The chief executives of the UK’s biggest businesses have seen their pay fall by an average of almost 20 per cent over the past year, according to a preview of Deloitte’s annual FTSE 100 executive remuneration report.
Median pay dropped from £4.3m in 2016 to £3.5m this year, the study shows, despite a calmer-than-expected season of annual general meetings (AGMs), City AM reports.
Looking at the increases in salary, the median increase remained at two per cent as it has for several years. But the number of chief executives receiving a pay rise of more than three per cent has halved since last year.
“The fall in executive pay demonstrates that remuneration committees are making a real effort to address shareholder concerns,” said Stephen Cahill, vice chairman at Deloitte.
The report indicates that 91 per cent of companies this year received more than 80 per cent of votes in support of their remuneration plans, as just one company – a rather down-at-heel Pearson – had its pay policy rejected by a majority of shareholders.
The median potential long-term incentive award for bosses also fell over the past four years, from 235 per cent of salary to 225 per cent.
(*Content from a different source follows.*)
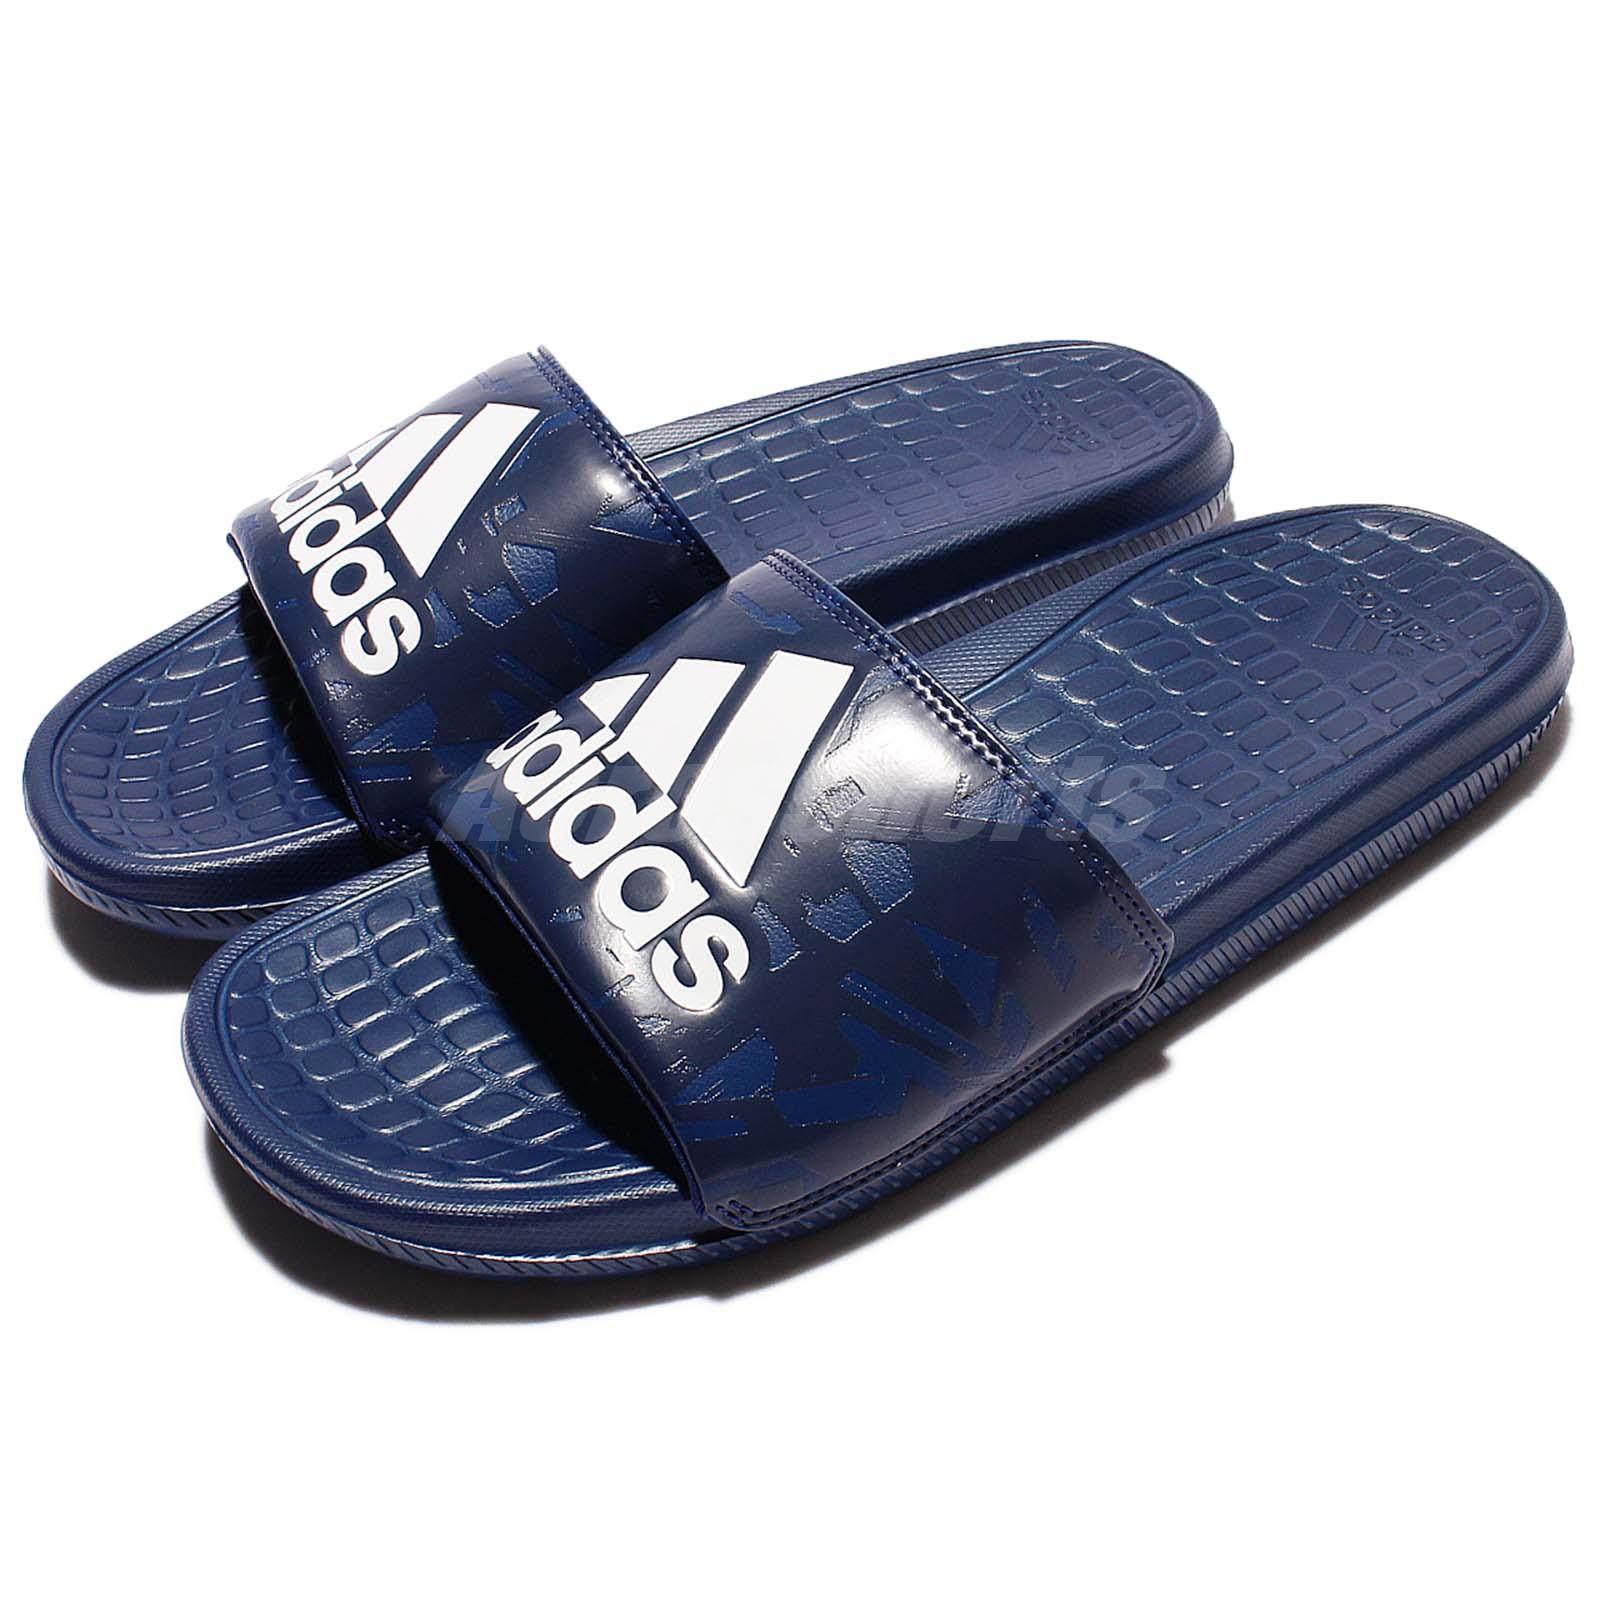 aaaeef55d502 Details about adidas Performance Voloomix GR Blue Navy White Men Sandal  Slipper Slides BA8858

The drop was even more significant for chief executives of the 30 largest companies, as median potential long-term incentive awards fell from 400 per cent of salary just two years ago to 365 per cent this year.
“Alongside the decrease in incentive potential, companies are also beginning to respond to shareholder concerns about pension with over 10 per cent of companies reducing the pension provision for new executive appointments,” said Cahill.
The median annual bonus opportunity has remained steady in FTSE 100 companies since 2007, at 150 per cent of salary. But the top 30 companies are beginning to show signs of change, as their median bonus opportunity has fallen from 200 per cent to 185 per cent of salary over the past four years.
The way that incentives are being paid is also evolving. In four out of five FTSE 100 companies, any annual bonus is now paid partly in shares, a move designed to tie executives’ income with the profitability of the business.